I have a rare aircheck of Casey at WBNY in Buffalo, NY from 1961. He sounds nothing like the Casey Kasem we came to know, but this recording contains a high energy presentation complete with wildtracks, recorded sounds, and one-liners from Casey. He called it "Casey at the Mike".I recall reading an interview from about 1975 when he was asked, "what is the thing you regret most in your career"? His answer was "arguing with the general manager in Buffalo". That could be WBNY, to wit the aircheck I have. Strangely, Buffalo is missing from a couple of references to his past stations, though he clearly worked there. It is very possible that was trying to get a job at WKBW in Buffalo, across town from WBNY. WBNY was a one-lung daytimer while WKBW was a 50,000-watt behemoth blowtorch that covered the eastern half of the United States at night. I believe the owner of WKBW was Clint Churchill, who also owned KYA. That was right around the time he sold KYA to Bartell, so maybe he thought here in Casey was cheap talent who could be put on KYA while the sale was in transition. Another possibility is that Casey was trying to bury WBNY as dirty laundry in the history of his portfolio of worked stations, and he substituted KYA for it.No matter what, though, Casey Kasem blossomed into one of the finest talents on radio, one who had a knack for at least sounding sincere. He found his calling. He sold well, as he related to a (largely) female audience with his great stories, his dedications, and his from-the-heart sounding presentation. He was in a league by himself.
I worked at KYA from 1959 to 1963. The station was owned by Bartell until it was sold to Churchill in 1962 (not the other way around). So KYA was owned by Bartell when Kasem very briefly worked there in 1961. --Terry Sullivan
i hope you made a concerted effort not to come out of a goddamn up-tempo record before writing this post... (is Don on the phone???!!!???)Love ya, Miss ya, Casey!Keep your feet on the ground, and Keep reaching for the stars!RIP
And where's those god-damned publicity photos I asked for? And now, and now you have me reading a fucking god-damned dedication about a god-damned dead dog?
Kasem was always beaming such pure energy and enthusiasm!Radio could use more radiance like Casey!
When I started in radio back in the late 80's other than "God Squad" tapes, playing American Top 40 was my break into radio. I still have some of the vinyl somewhere. We all aspired to be like him being heard all over the country and the world. I got a kick out of hearing all of the call letters from all over the US and when ours was announced I kept that disk. He will be missed....

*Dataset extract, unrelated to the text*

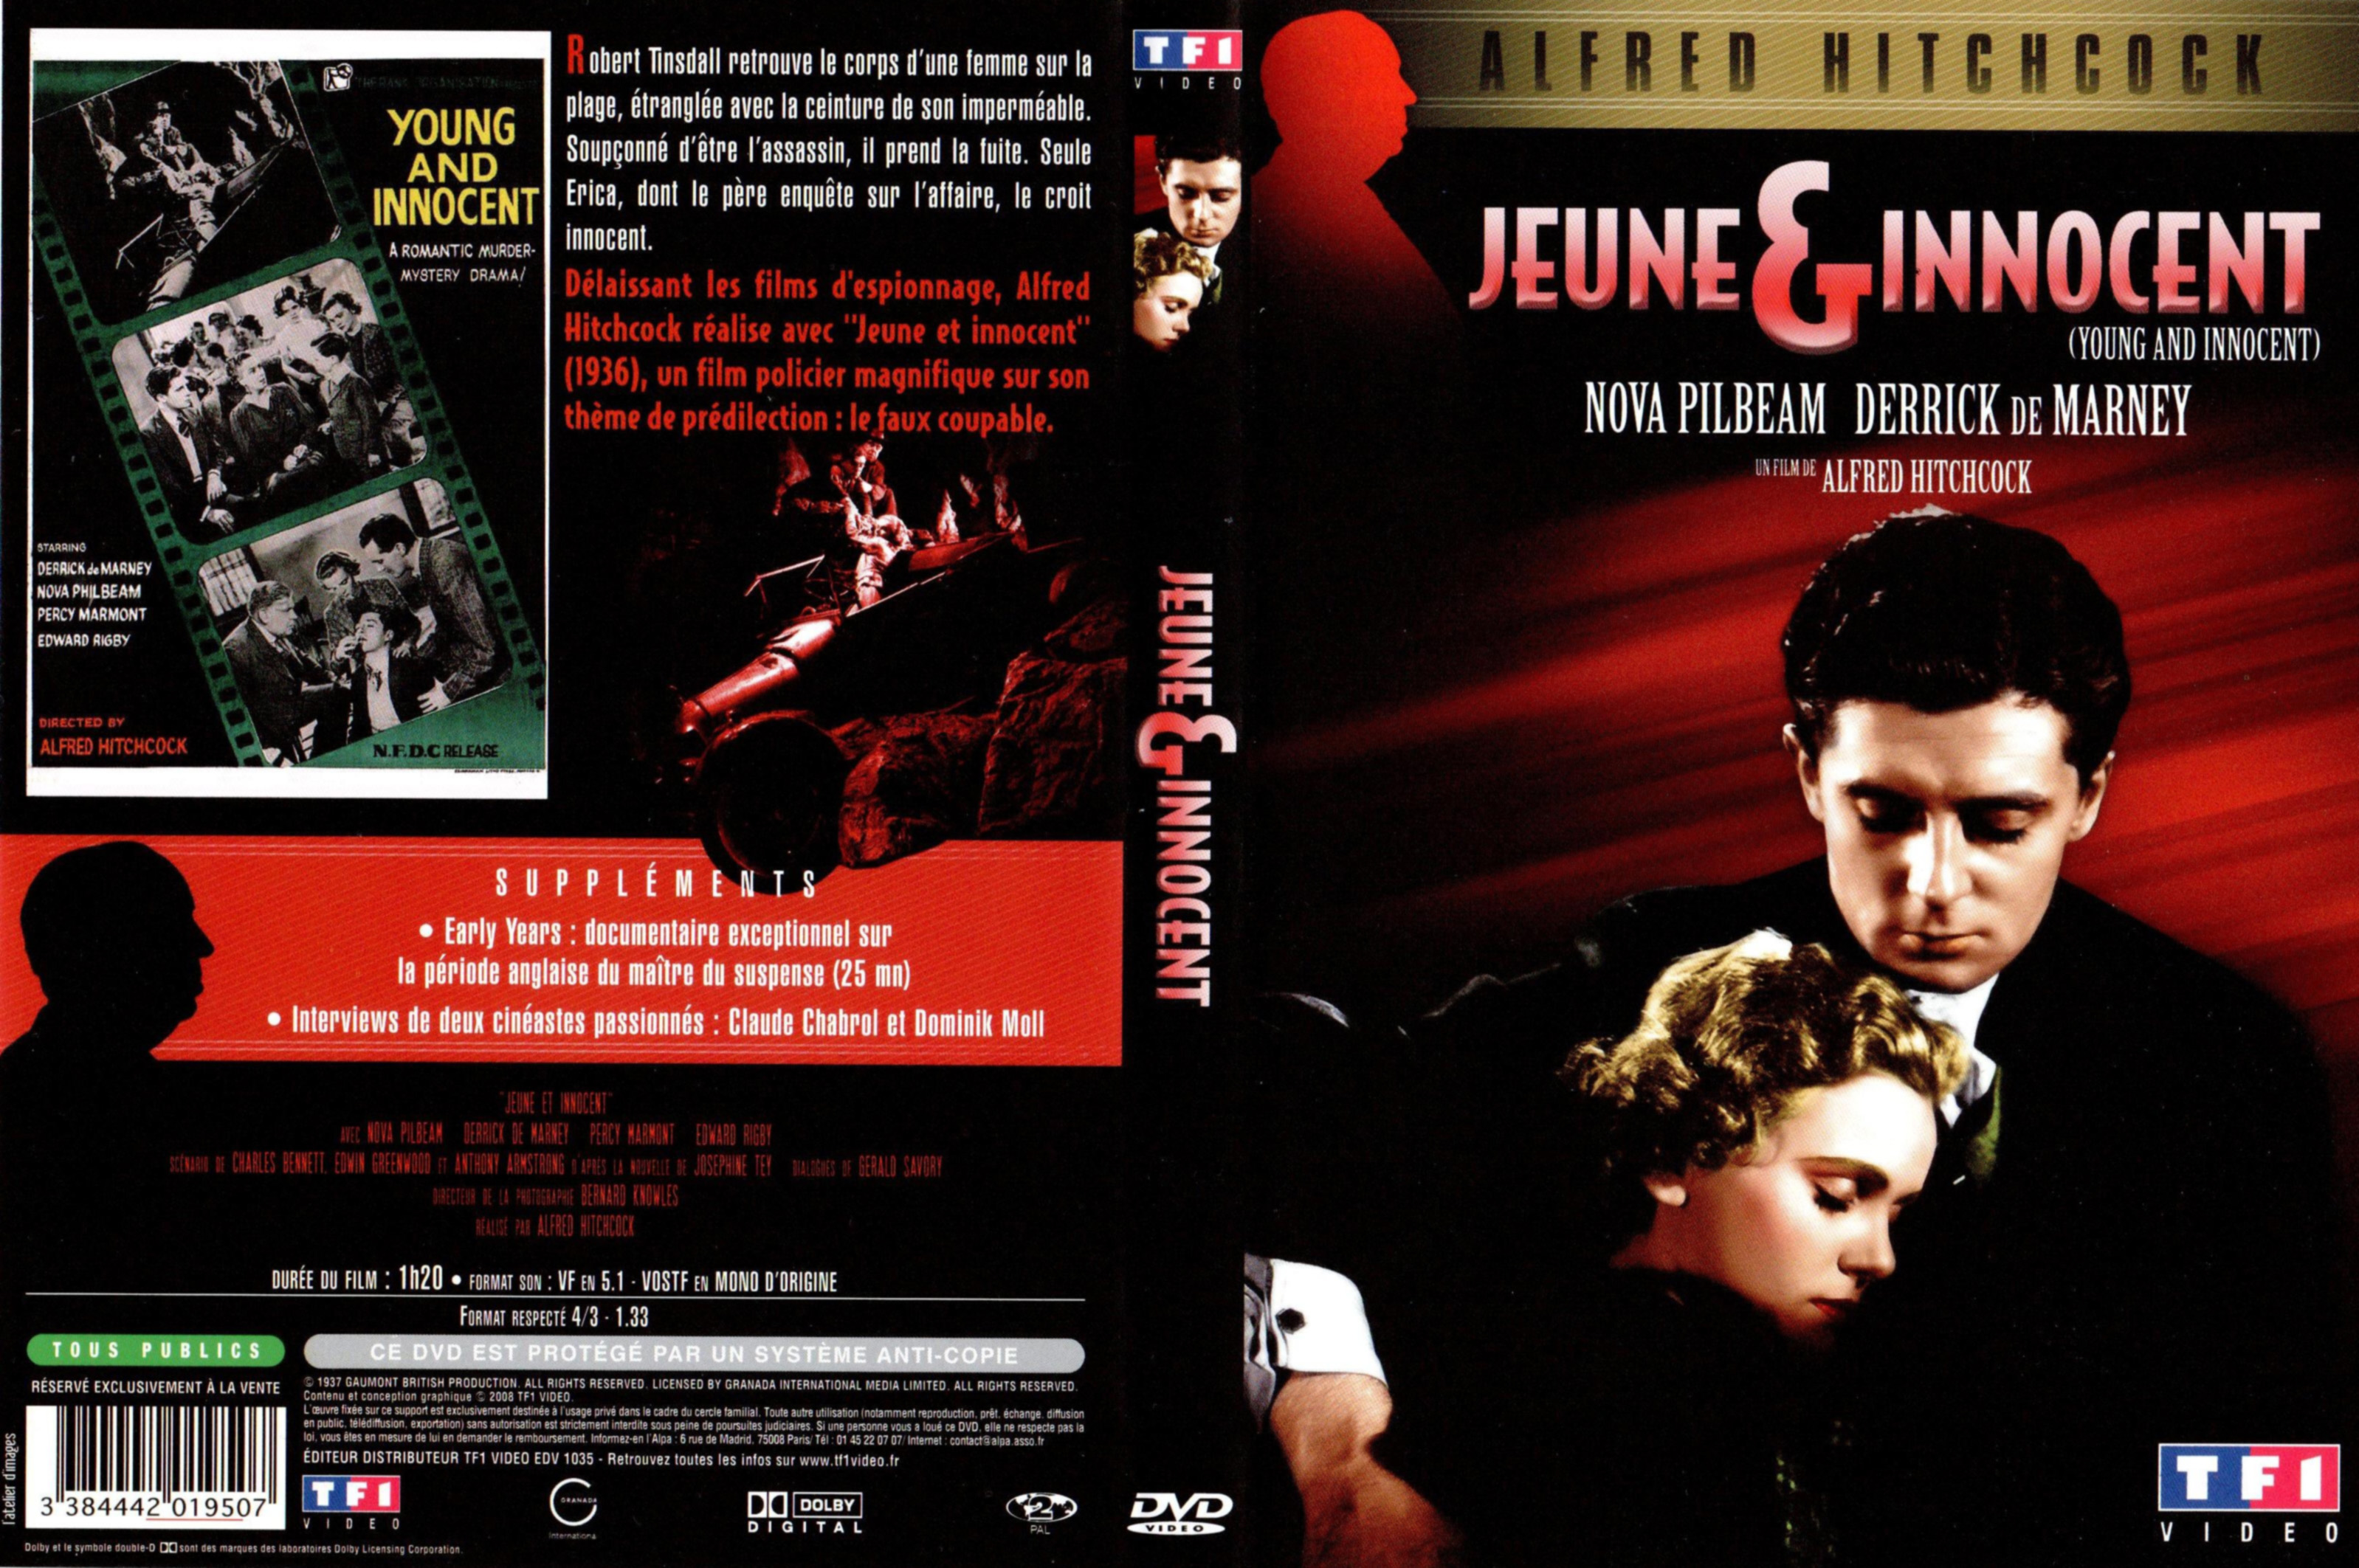 Jaquette DVD Jeune et innocent v2

Music has changed so much since the 70's and 80's that pop music (hip-hop--ugh!) doesn't interest me as much. Nevertheless, it was fun growing up with American Top 40 (radio) and America's Top 10 (on TV) and seeing Casey Kasem enthusiastically count down the charts. For the short while that KFRC was back on the air, they would replay old AT 40 shows on Saturdays. AT 10 shows can still be found on YouTube.
Can't blame Casey for his classic rant. Anyone with half a brain knows you do not set up a pet death dedication with an uptempo record. RIP Casey
Echo the post of 3:37 pm.Casey Kasem's enthusiasm came through over the radio. Someone who genuinely enjoyed his work.Can still remember those Sunday count downs during summer breaks in high school.
The dead dog dedication, ladies and gentlemen. RIP! http://youtu.be/6r_GYdYjgSA
I was 16 in May of 1971 when NYC's WPIX-FM became an AT40 affiliate. I was already a "chart geek" and countdown afficionado but Casey made my silly obsession seem serious and legitimate. I was glued to his show every Sunday for the next 17 years. Yes, the 'dead dog" rant is classic and hilarious but the man touched people every week.